Steven's father passed away Thursday, October 1st, 2009 around 2 p.m. in the afternoon. I feel a weight has been lifted from my heart. I've watched my husband walk around with a specific degree of hurt over the passed year. While he expresses his feelings differently than others, I could see how his fathers illness had impact on his being. I've known my father-in-law for 10 years, which was not long enough.
I do not know what it is like to lose a birth parent to death and I wish I could find more sympathy within myself. Death always has a way of putting your own mortality into perspective. I've always believed I'm food for worms. Our soul, having a life of its own, becoming part of the electrical collective... that is our universe. My heart aches to see physical decline of life, but it's natural - that I understand.
After giving my own grandmother a bath and dressing her for my grandfather's memorial service, I've seen how hard loosing a spouse will be. What I would look like in the bare flesh at old age.

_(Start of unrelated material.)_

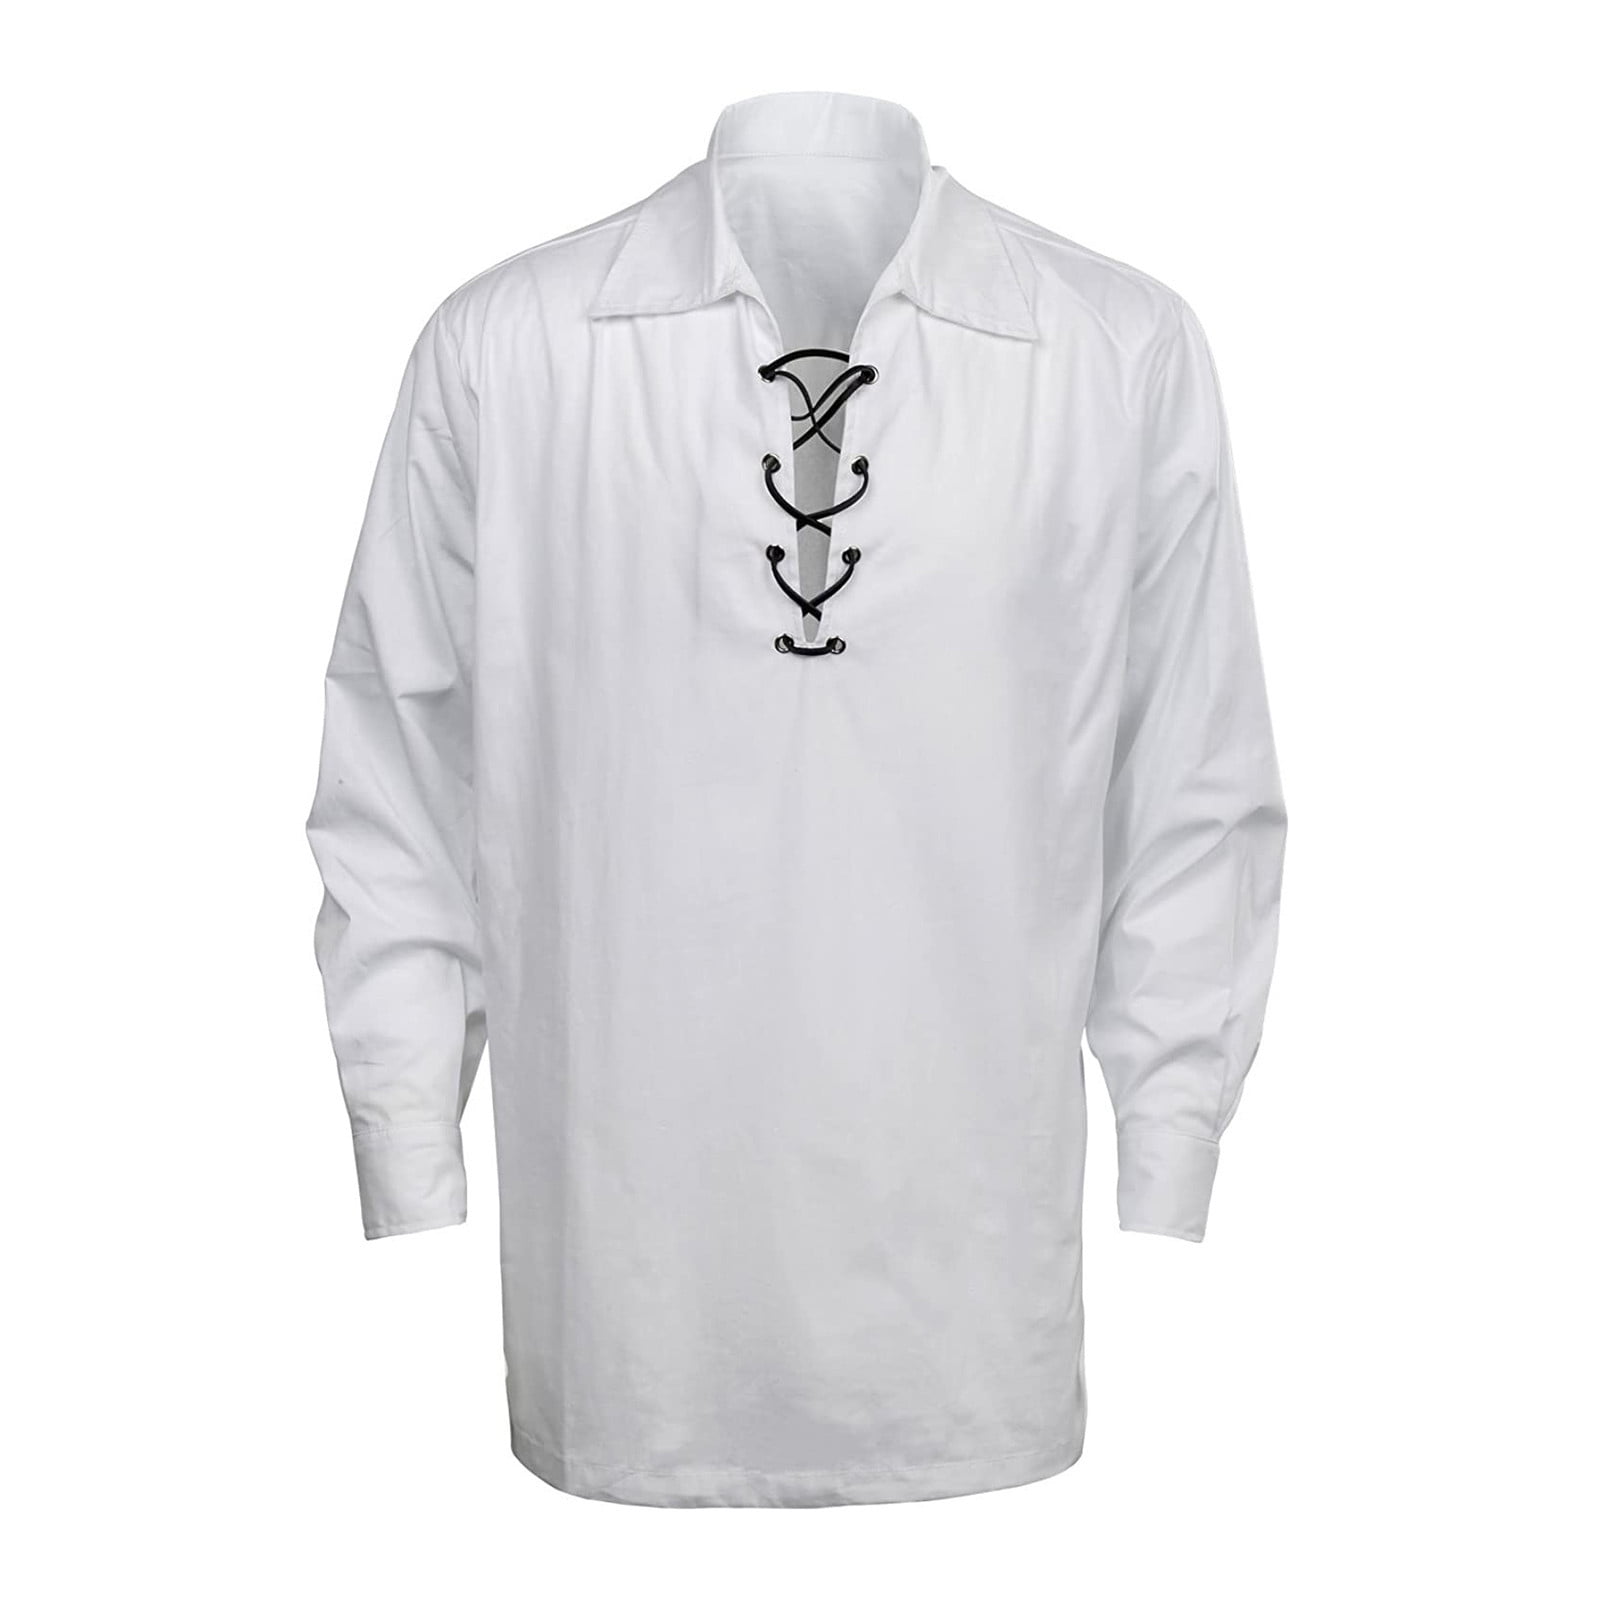 Mens Lace Up Ruffle Shirt Tops Long Sleeve Costume Gothic Steampunk Retro Tee 
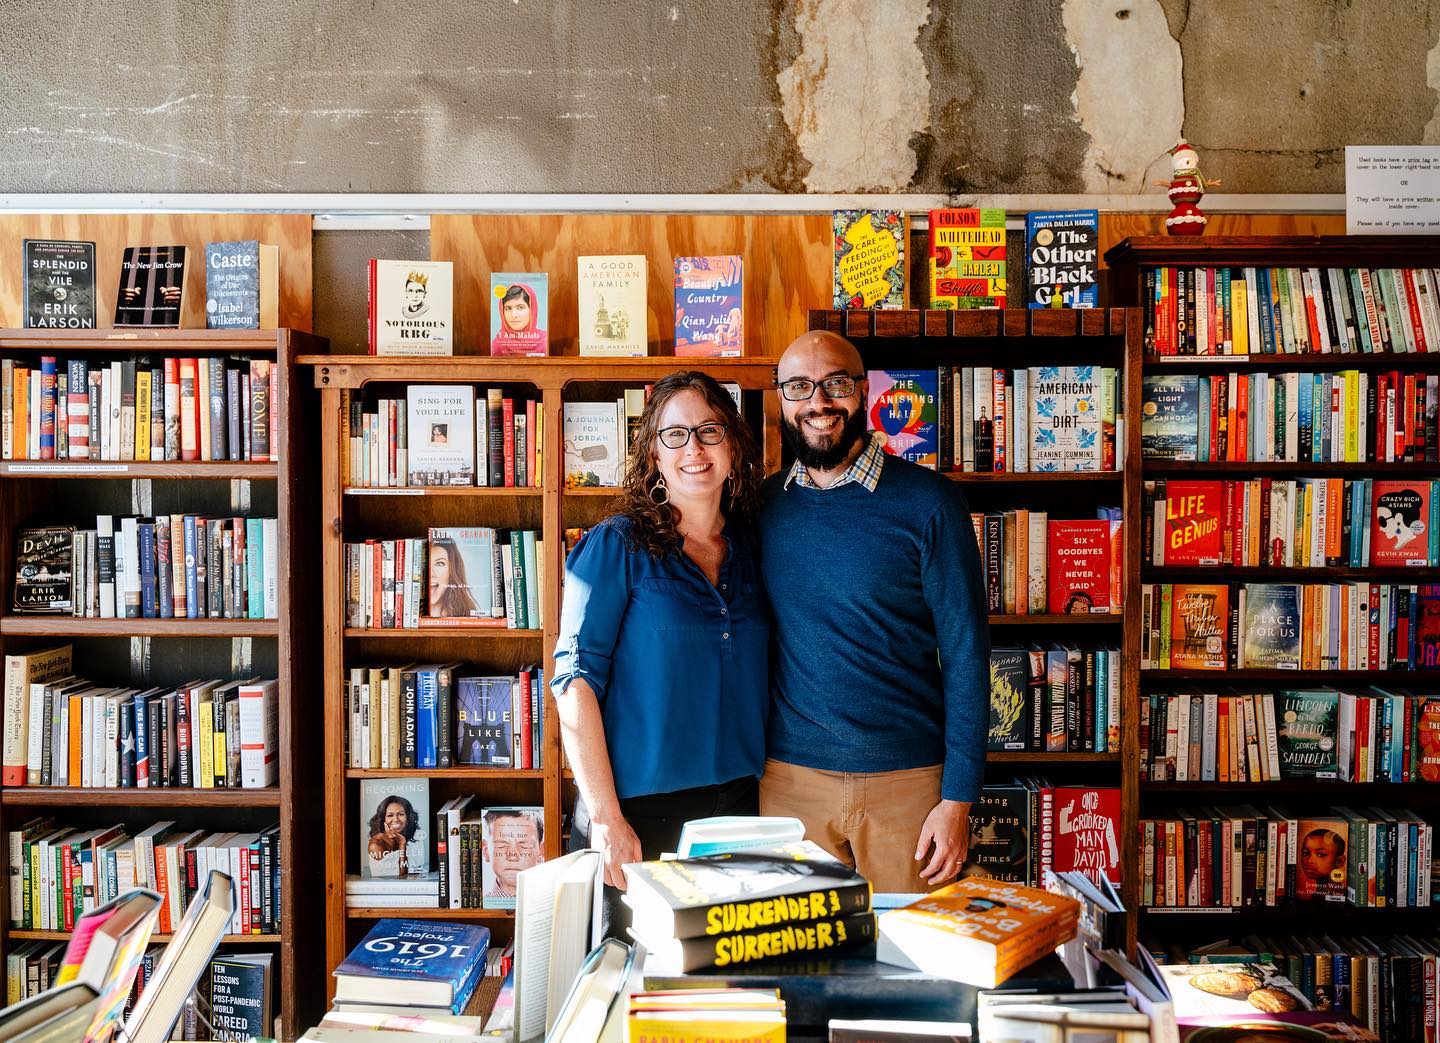 Grosse Pointe, Mich., Pop-up Bookstore Extending Stay

Each line, wrinkle, scar, bruise - the sagging of flesh from my bones, dry skin that easily tears. Aging scares me more than death. Never having a grandchild scares me even more.
I get extremely defensive of my husbands needs and feelings. He's a planner, if you tell him what is going on, make plans with him, he feels better. While plans change frequently, he is better equipped for a situation. Various times I find myself seeing him with a reasonable opinion and never being part of the conversation. In our own lives together, it is tremendously isolating to be talked at and never heard. Grief is selfish, dirty and cannot be shared equally. Over this time I've witnessed how we are too busy, consumed with our own feelings, forcing tolerance and ignoring others along the way. We stop listening to one another and tune each other out.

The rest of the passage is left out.